На другой день в «Ороре» на двести восемьдесят третьей странице, куда попадали разные пошленькие сообщения о любовных историях, убийствах, случаях содомии, скандальных перепоях, отравлениях и пр., я обнаружил краткую заметку, напечатанную петитом, которая гласила: «Учитель истории Луи Гиле, проживающий на Рю де ля Гер (бывшая Рю де ля Пе) 22, Сен-Дени, ищет подходящего кретина, даже более безнадежного, чем он сам, который бы прочел его будущую „Историю грядущего века“. Читатели „Орора“, ждите продолжения. Оно не заставит себя долго ждать». Заметка была озаглавлена «Гений, чудак или..?» Первой моей мыслью было найти журналиста и отрезать ему уши. Но Ан-Мари-Селестин меня разубедила: как раз тогда-то, сказала она, весь Париж будет искать эту заметку, чтобы ее прочитать. К сожалению, именно те, кто не должен был ее читать, уже прочли. Соседи стали здороваться со мной слишком вежливо, обходя меня за версту. Ан-Мари-Селестин клала мне под голову теплые подушечки для того, чтобы вызвать прилив крови и активизировать мою мозговую деятельность. Отец Ивронь, добросердечный францисканец, не мог скрыть своего сочувствия.
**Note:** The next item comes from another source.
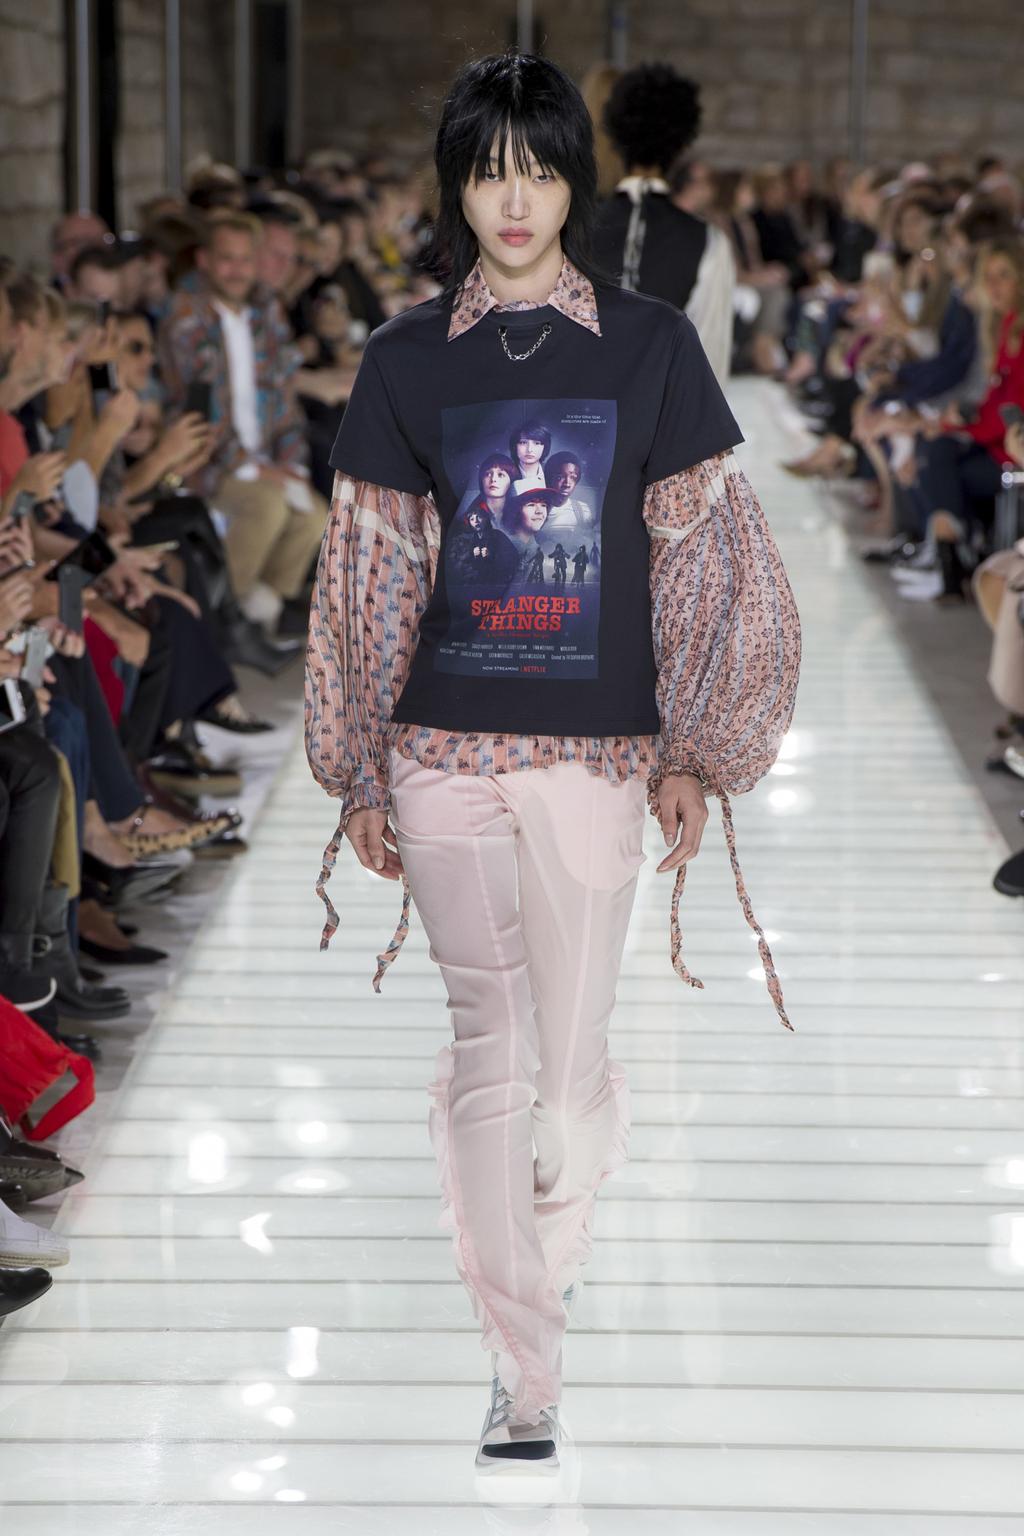 Louis Vuitton Are Stranger Things Fans Too Release T Shirt To
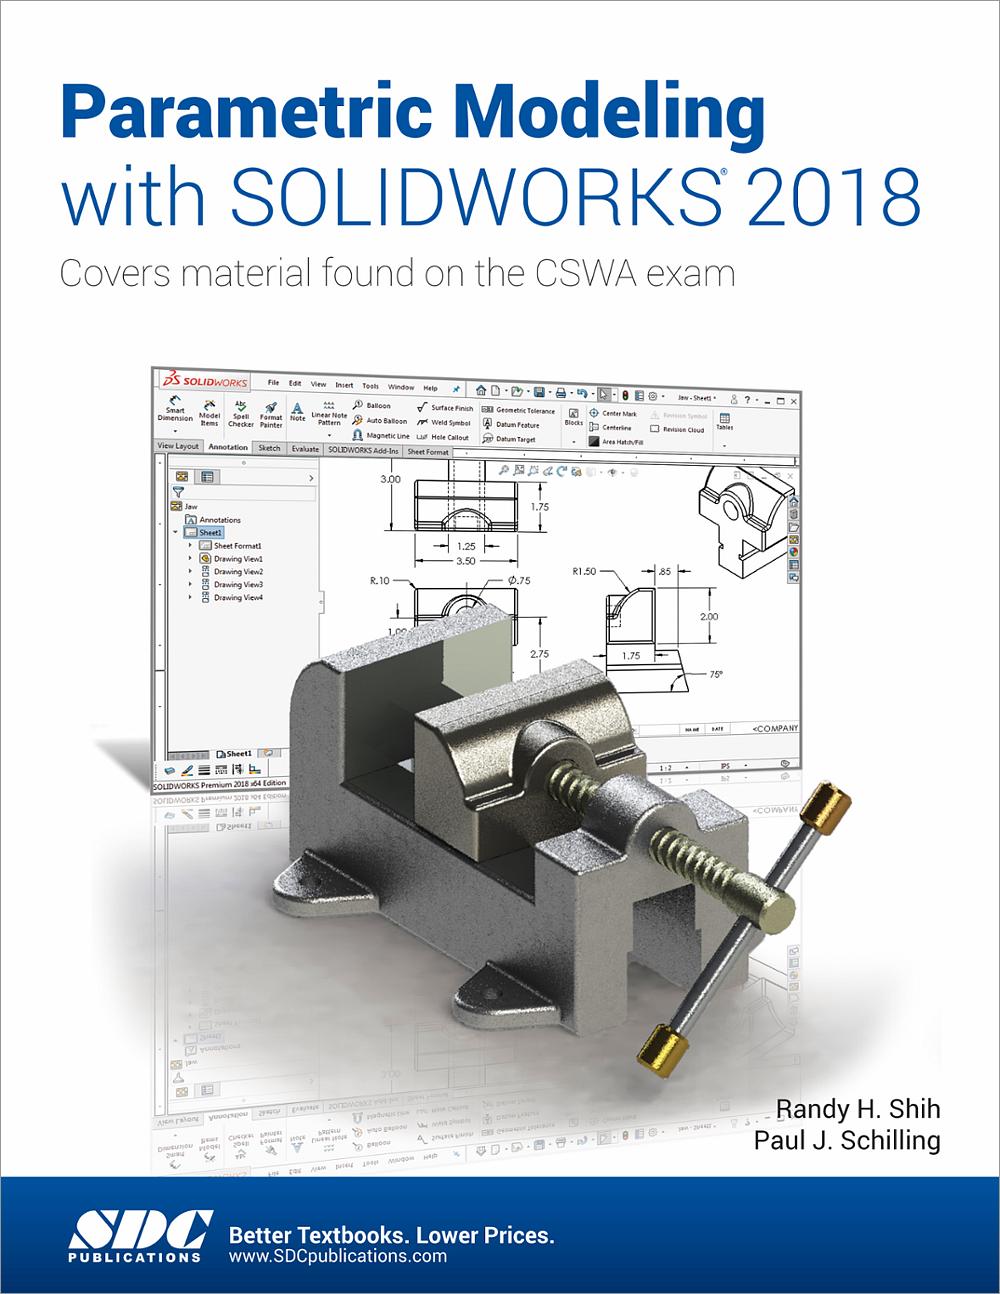 Parametric Modeling with SOLIDWORKS 2018, Book 9781630571412 SDC

Он входил в класс внезапно, чего никогда раньше не делал, и тихонечко садился на последнюю парту, а после урока любезно меня приветствовал: «О, все было очень мило, очень благородно… Я рад за вас, мсье Гиле…». Даже мой сын Пьер, уже прошедший конфирмацию, засиживался со мной дольше обычного и пытался хоть чем-нибудь услужить: «Папа, говорил он, хочешь я куплю бутылку шартреза? Мама не заметит»…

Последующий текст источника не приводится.